= Beginning of Section =

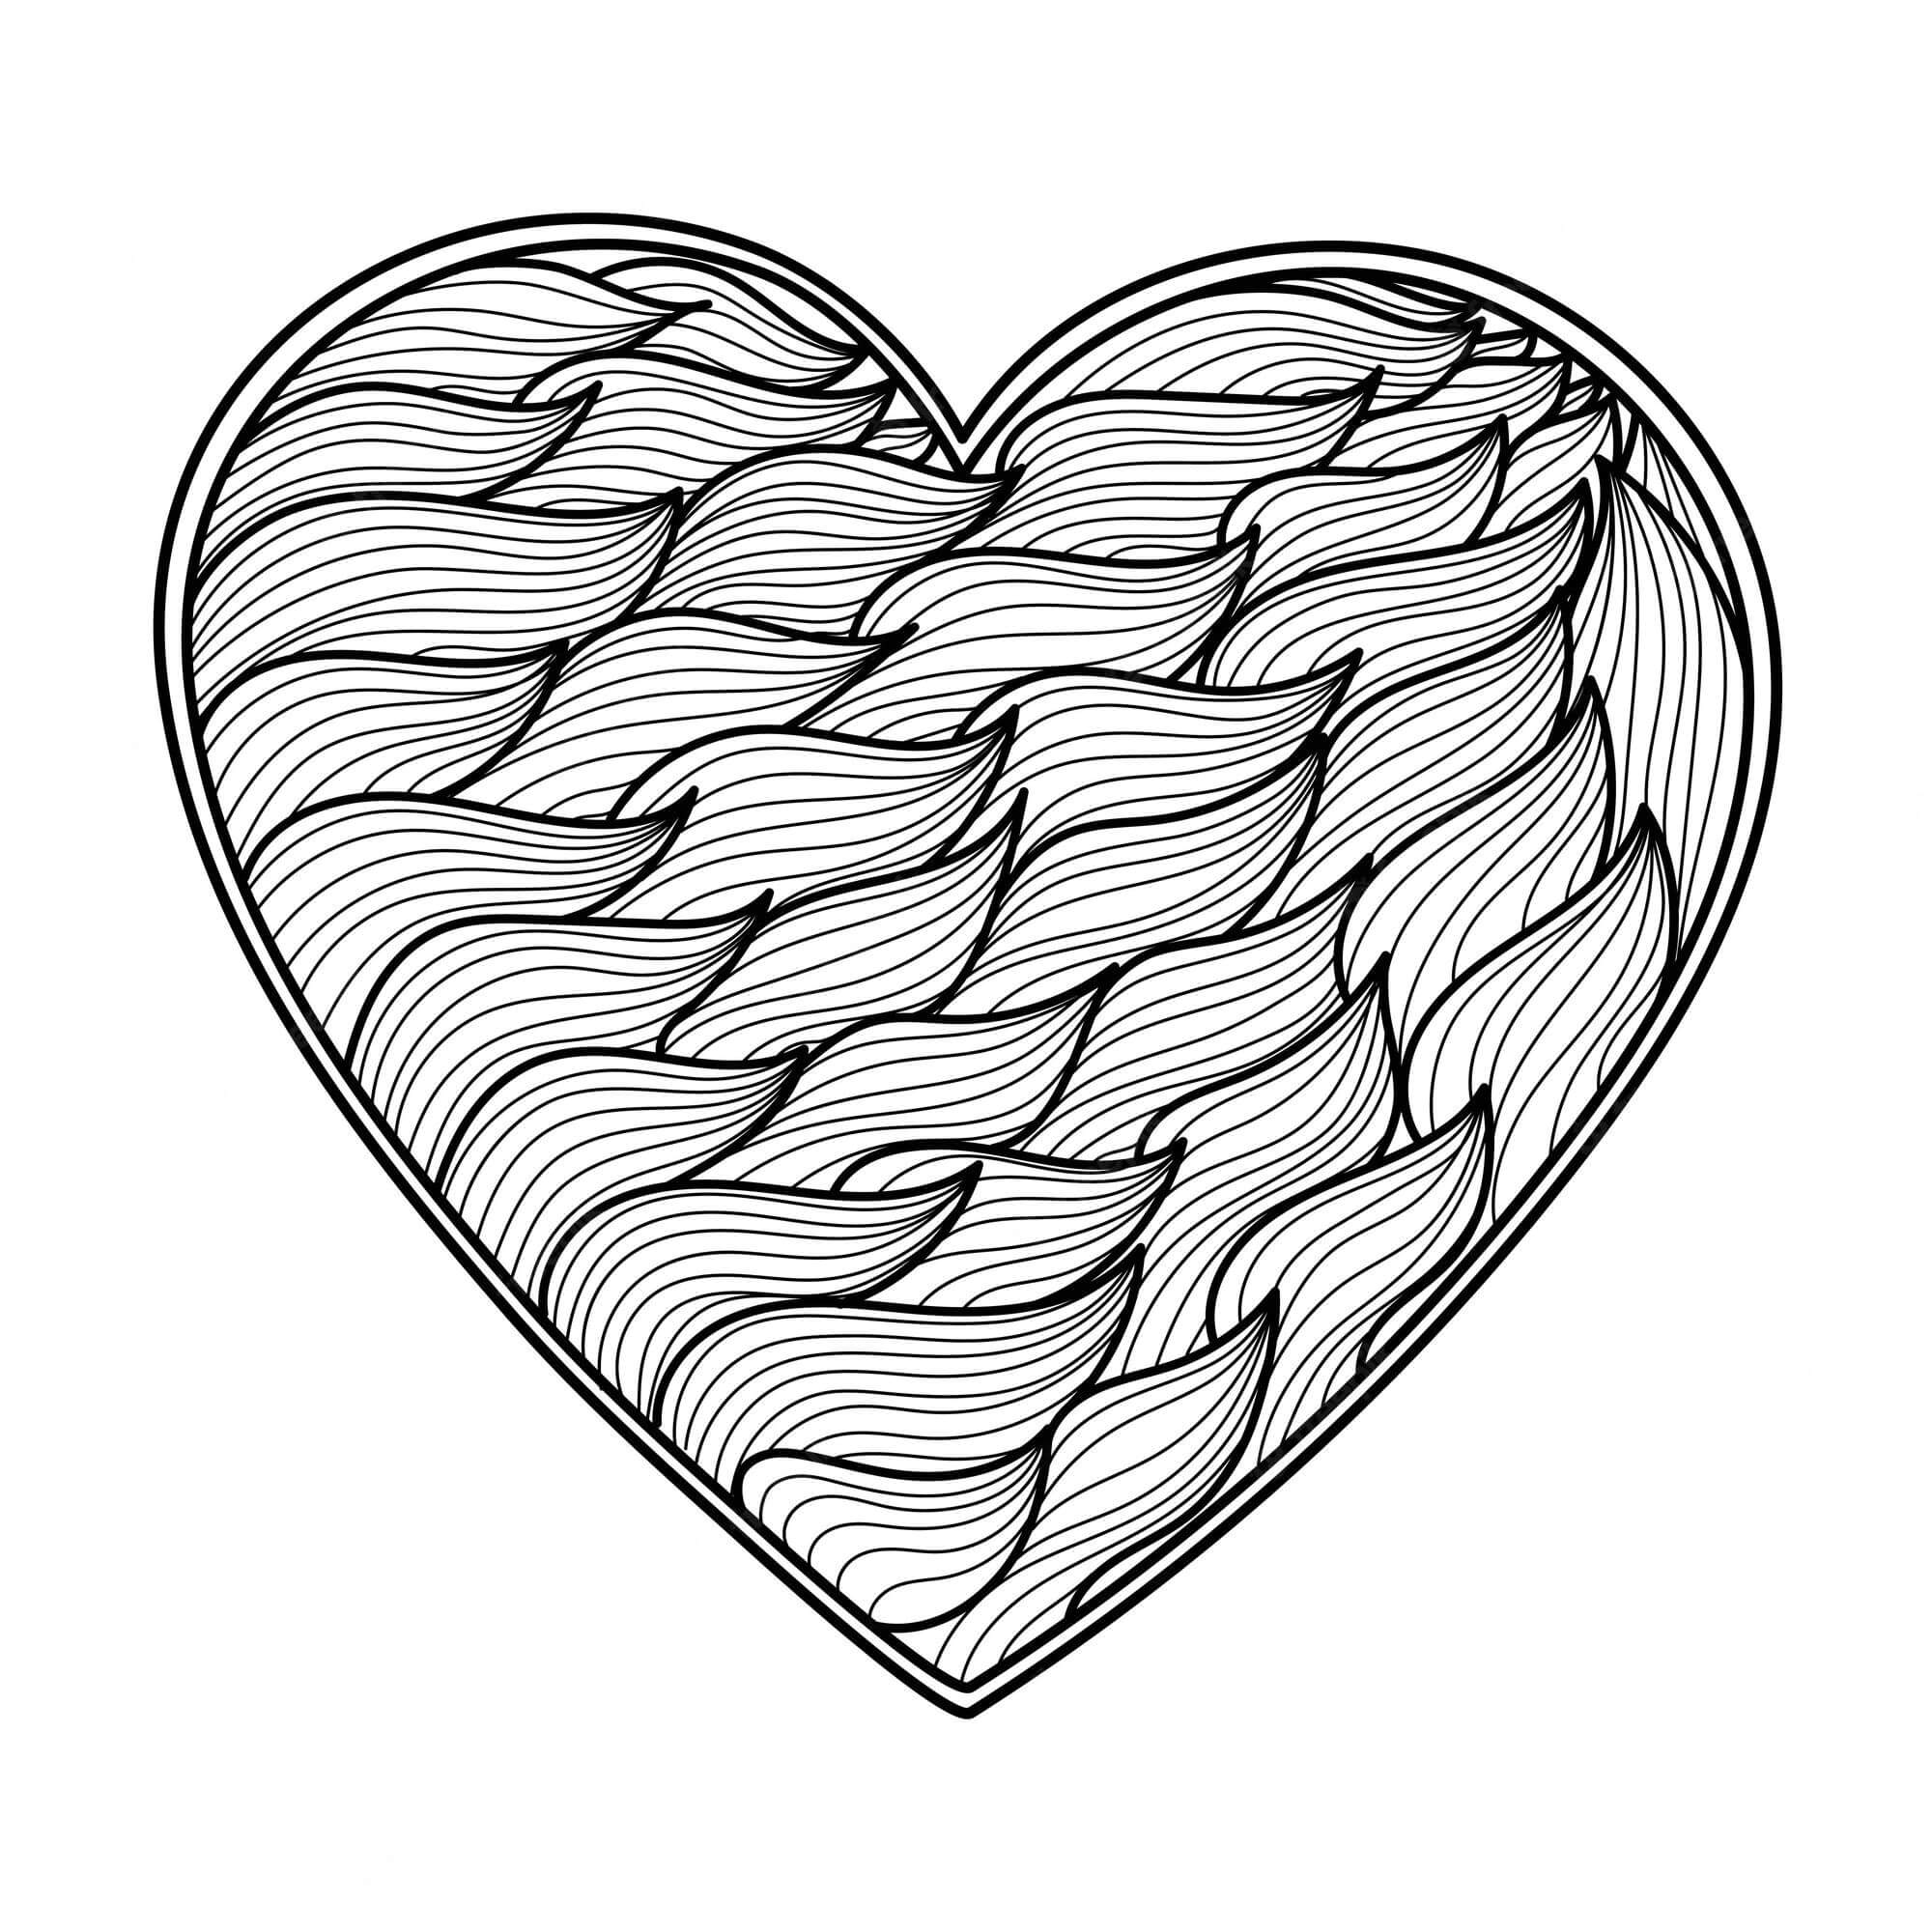 Målarbild Fantastiskt Hjärta Mandala
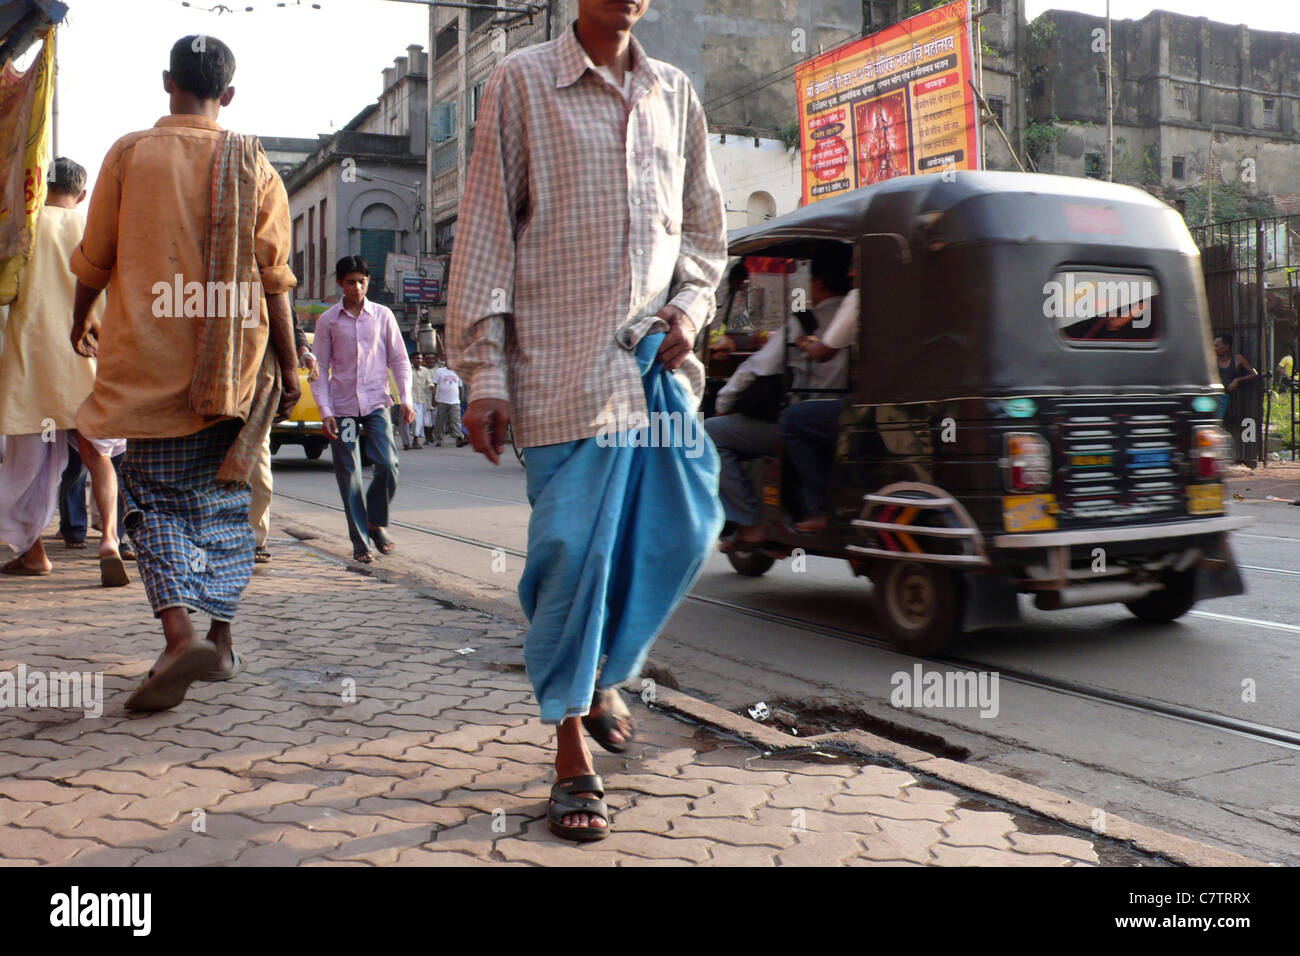 India, Calcutta, urban scene Stock Photo
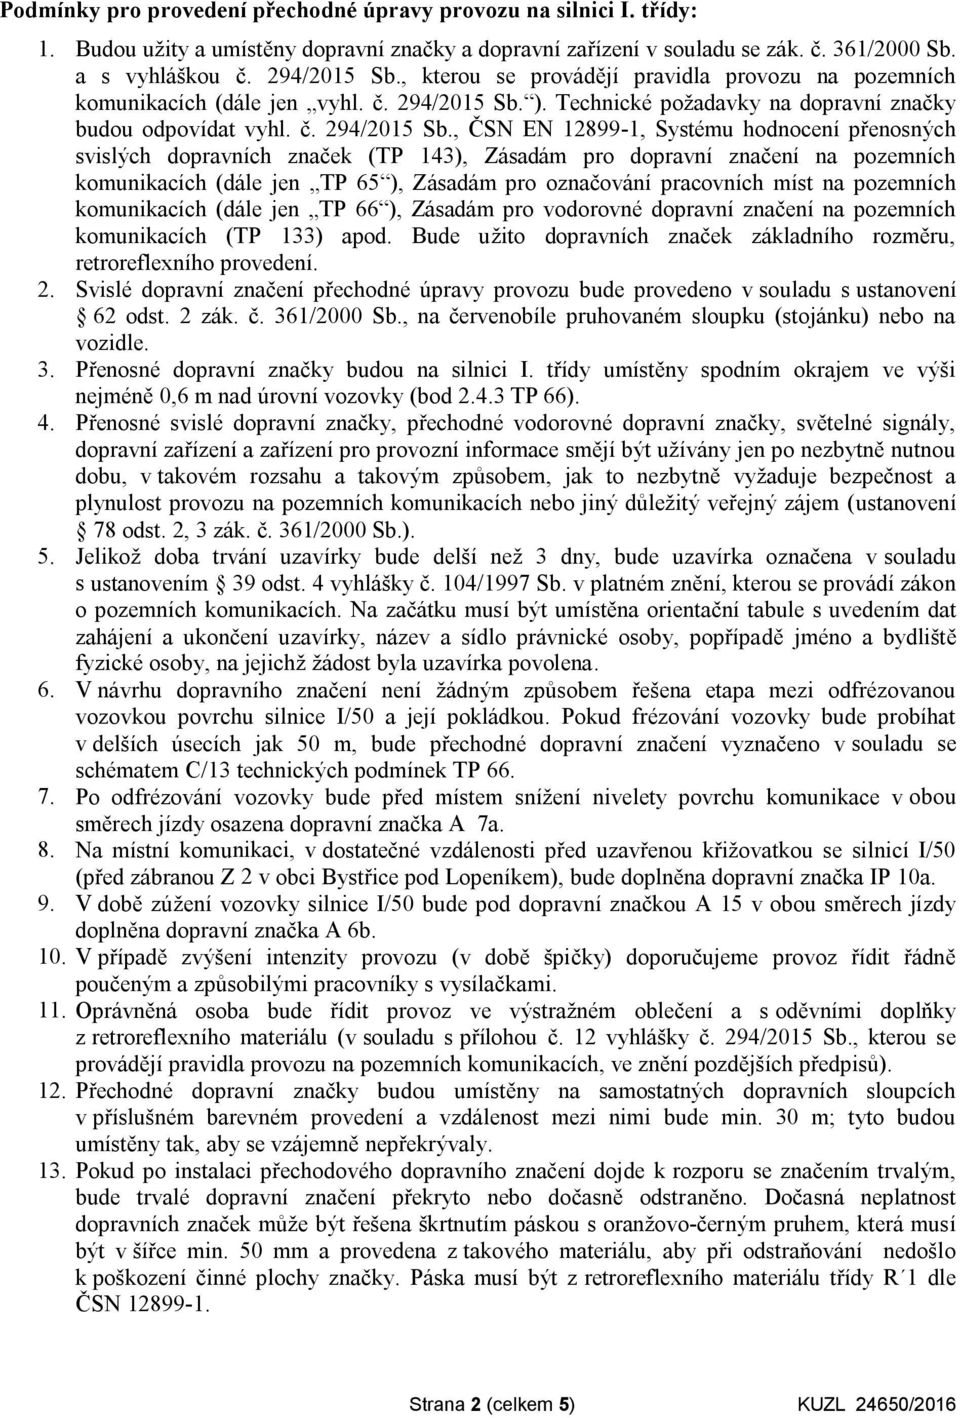 ). Technické požadavky na dopravní značky budou odpovídat vyhl. č. 294/2015 Sb.

= End of Section =

**WHAT YOU WILL DO:**
Leave out the pictures and give the rest of the material again, unaltered.

**EXERCISE RESPONSE:**
 Målarbild Fantastiskt Hjärta Mandala
 India, Calcutta, urban scene Stock Photo
 ). Technické požadavky na dopravní značky budou odpovídat vyhl. č. 294/2015 Sb.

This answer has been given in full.